● The task:
Would you transcribe the records below from the line with "A bathroom with a tub, shower and window." to the line with "Sample page 1", ends included, exactly and with nothing more, leaving the pictures out?

● Data provided:
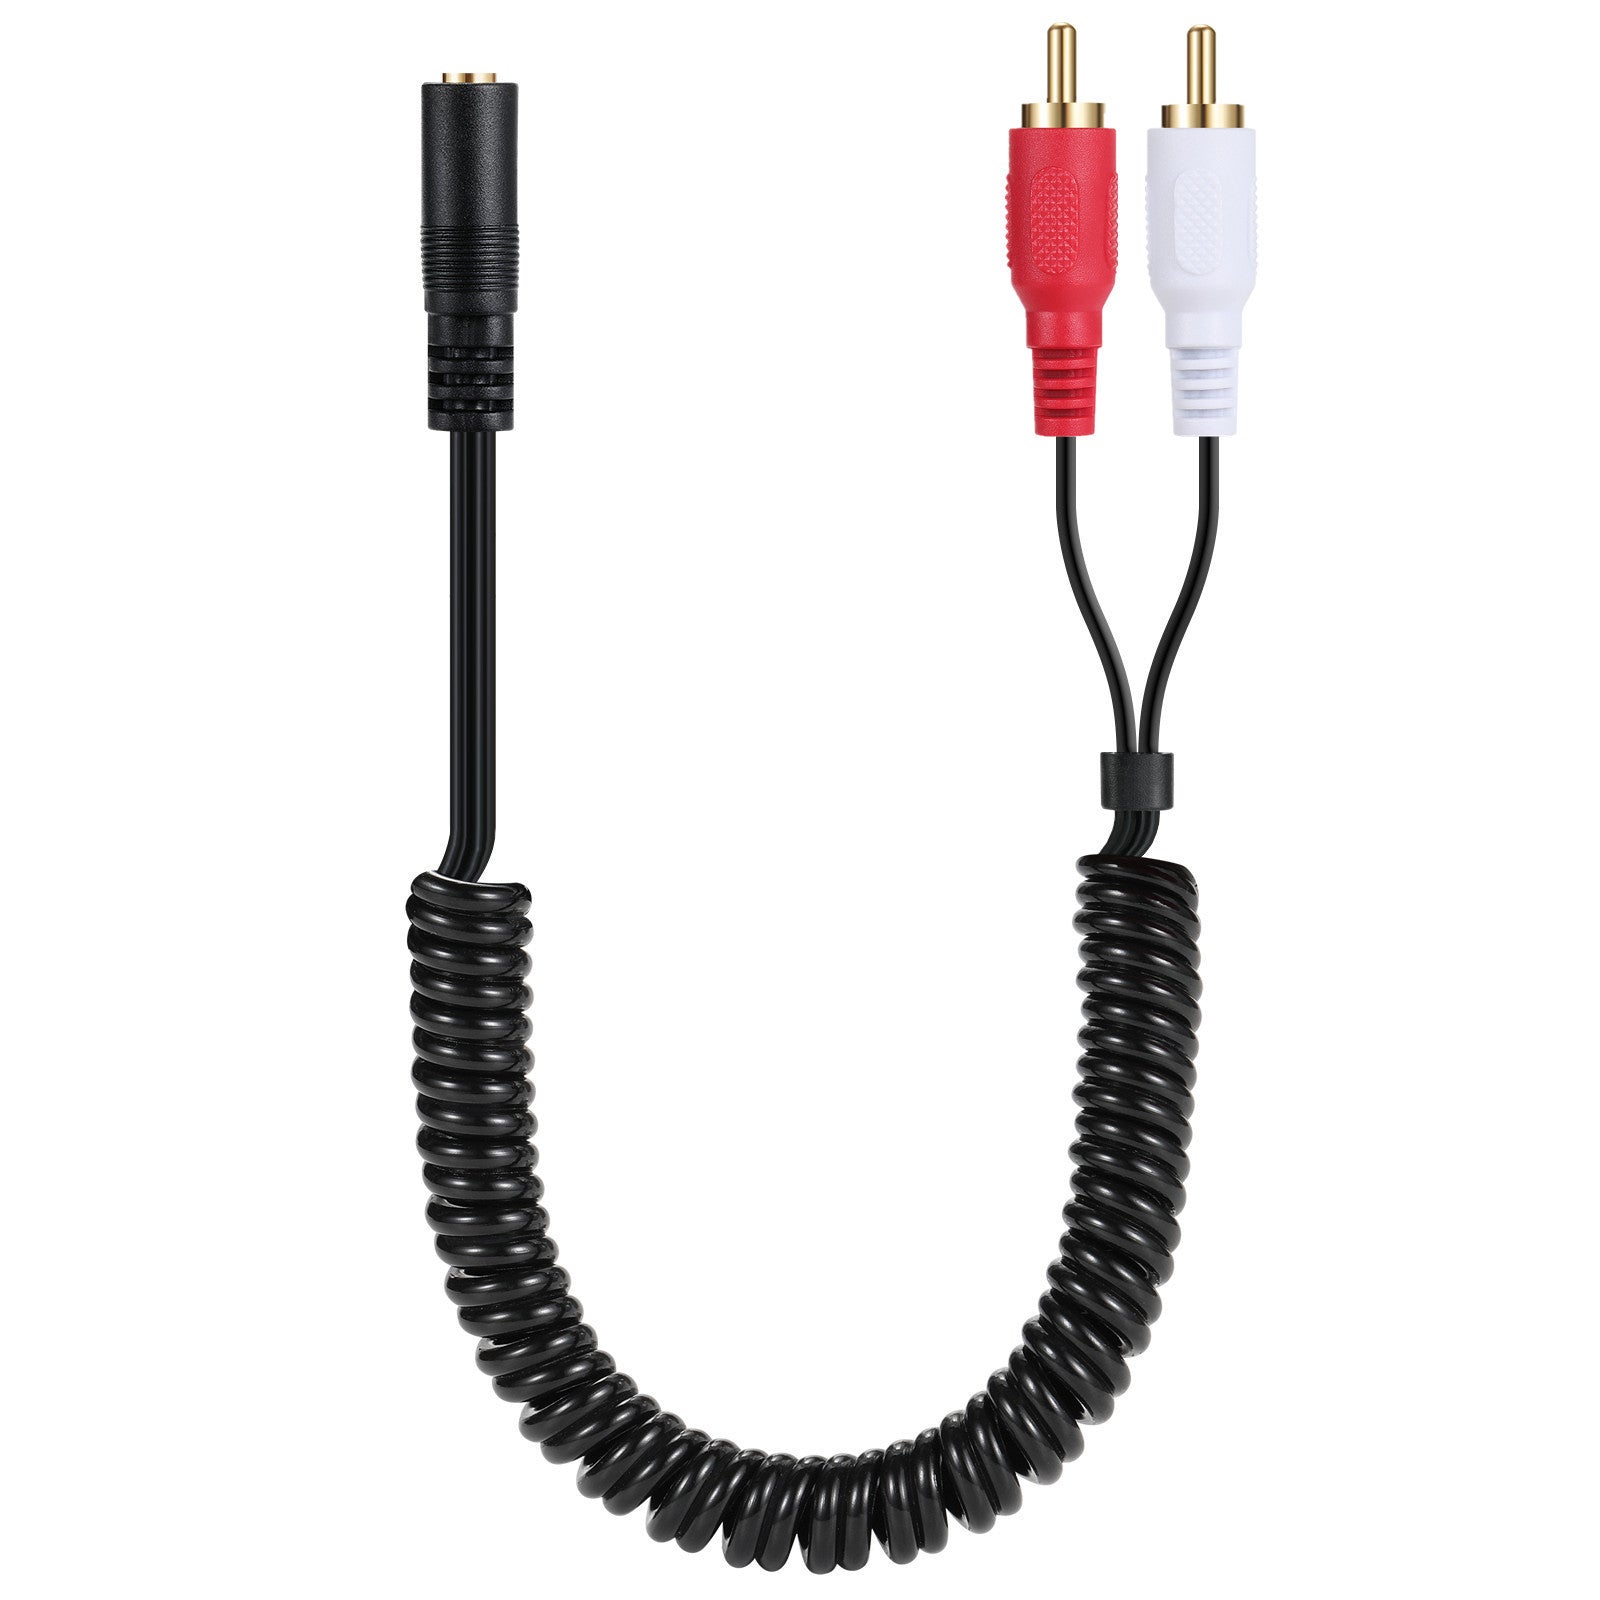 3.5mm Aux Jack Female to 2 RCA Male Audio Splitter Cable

* * *

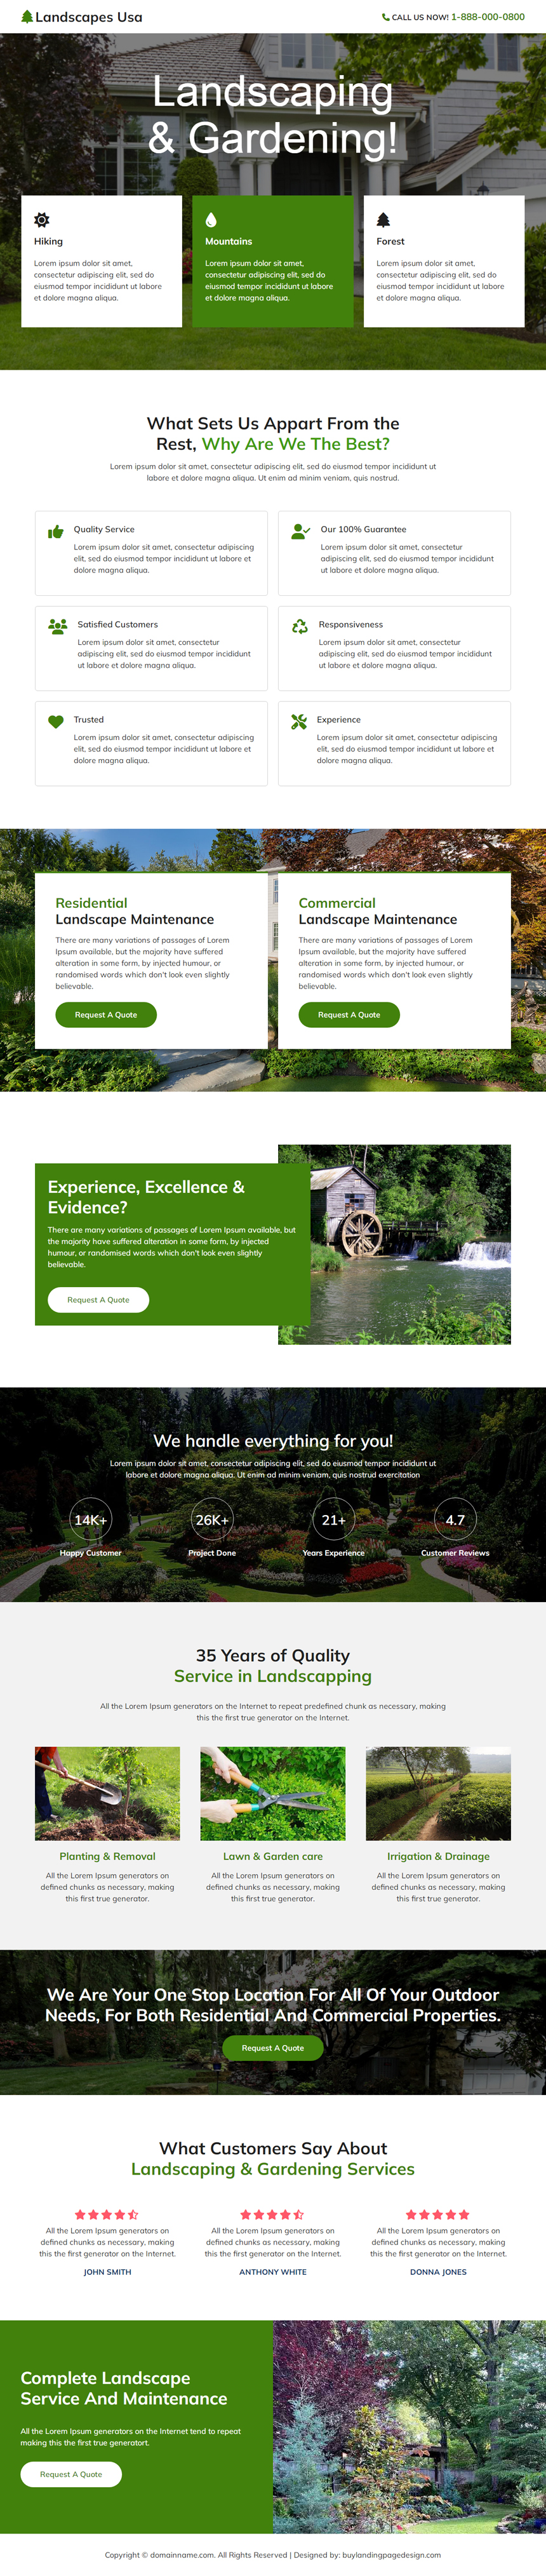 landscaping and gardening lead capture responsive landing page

* * *

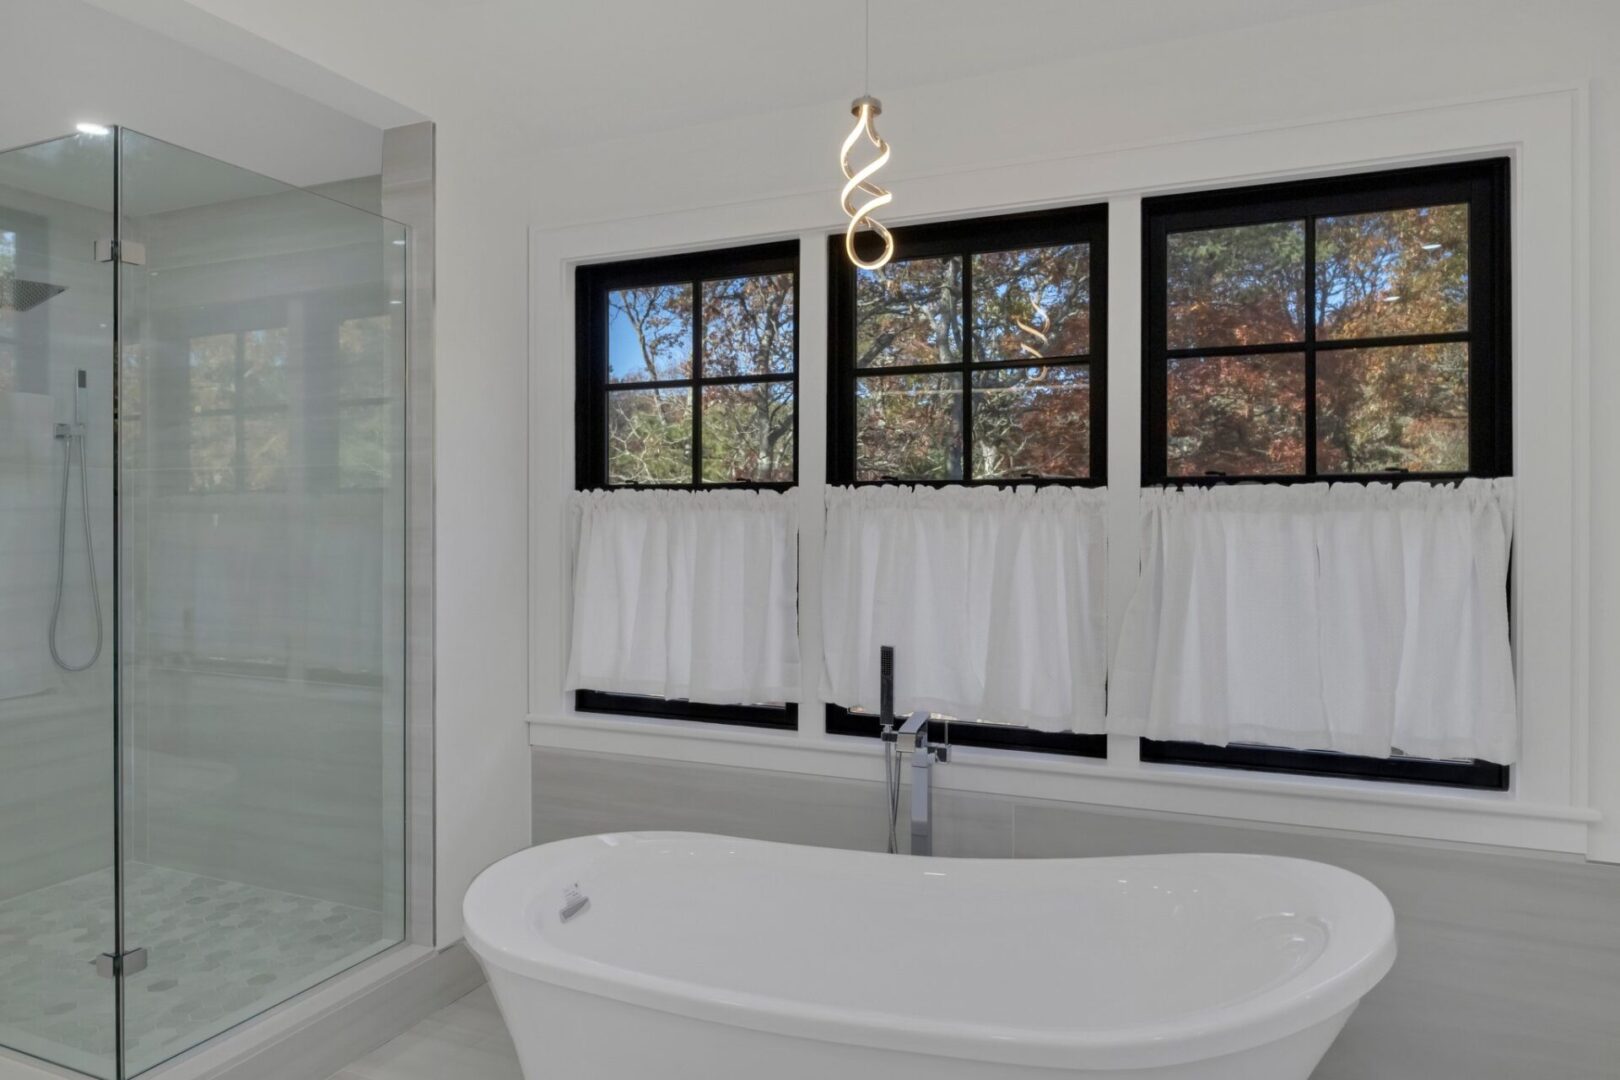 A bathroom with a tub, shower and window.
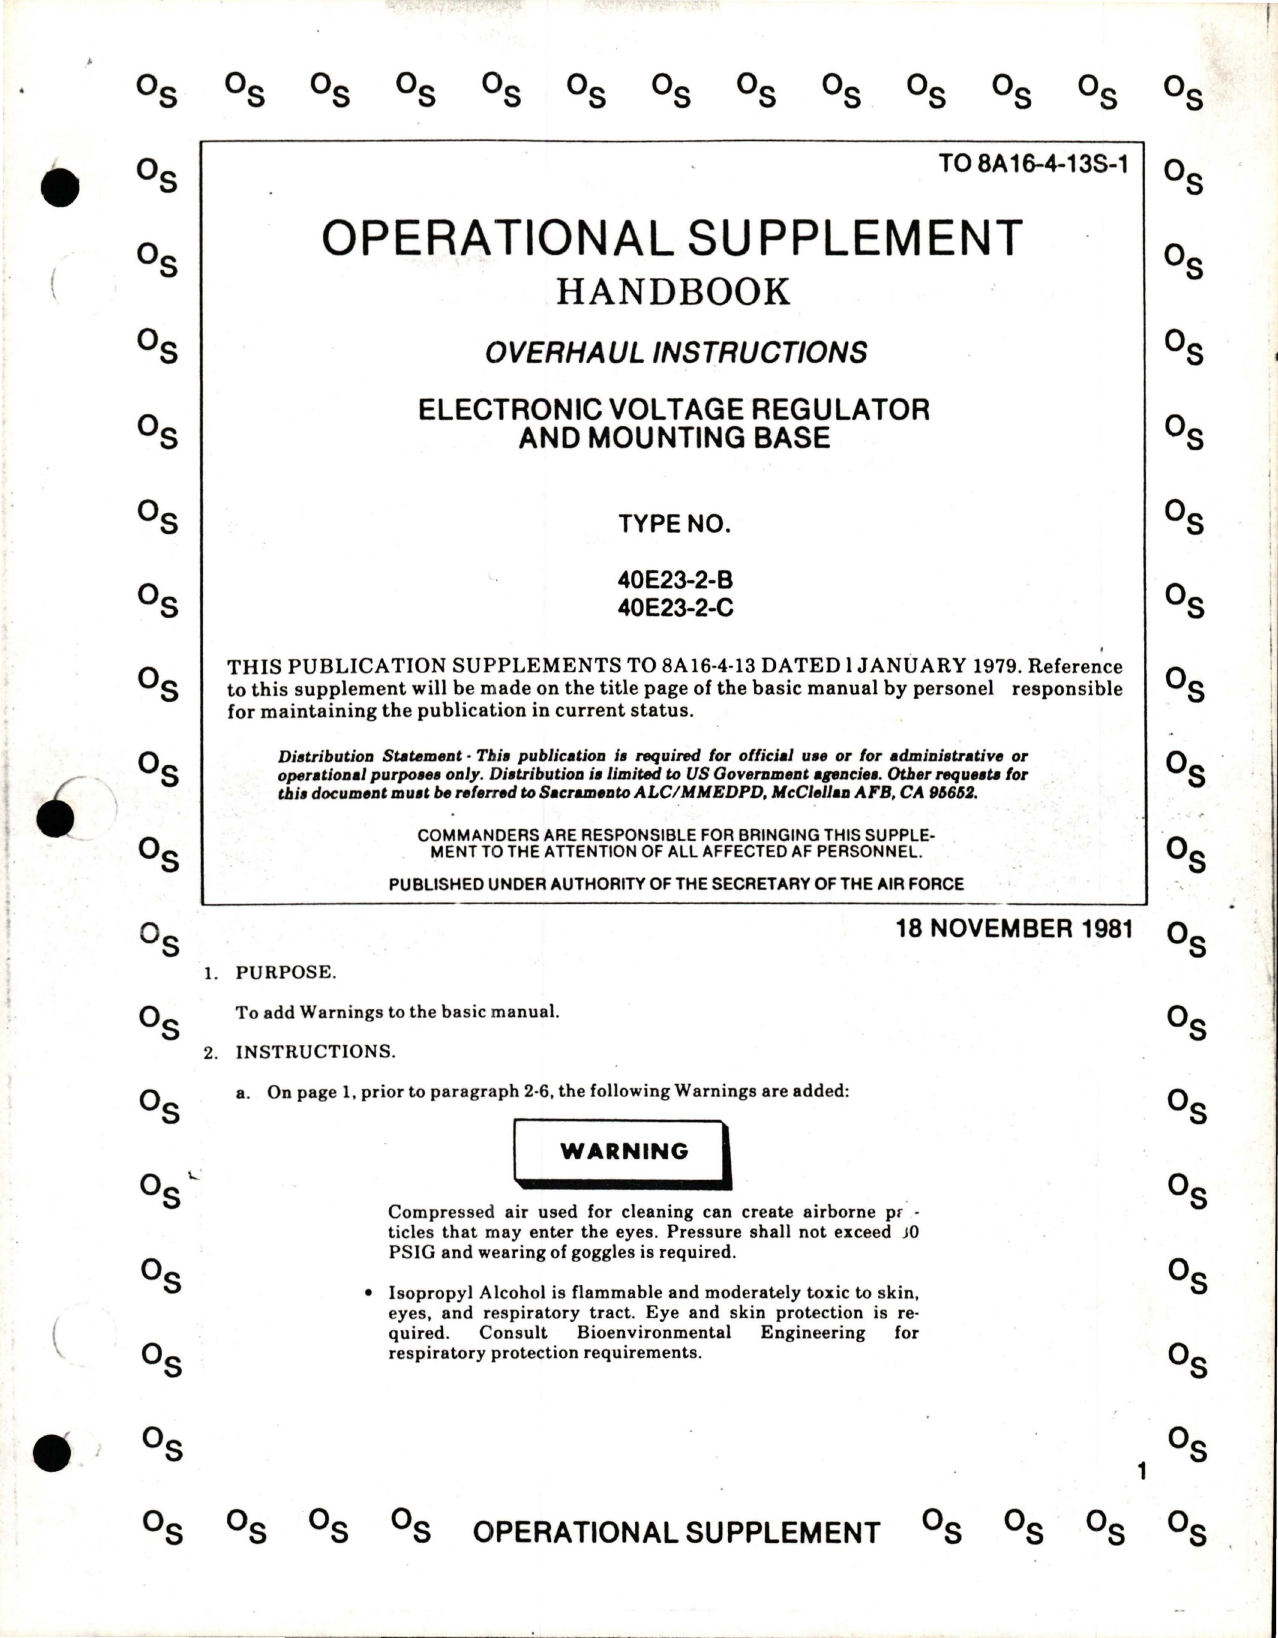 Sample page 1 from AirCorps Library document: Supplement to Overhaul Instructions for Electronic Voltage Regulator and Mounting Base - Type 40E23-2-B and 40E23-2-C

● The answer:
 A bathroom with a tub, shower and window.
 Sample page 1 from AirCorps Library document: Supplement to Overhaul Instructions for Electronic Voltage Regulator and Mounting Base - Type 40E23-2-B and 40E23-2-C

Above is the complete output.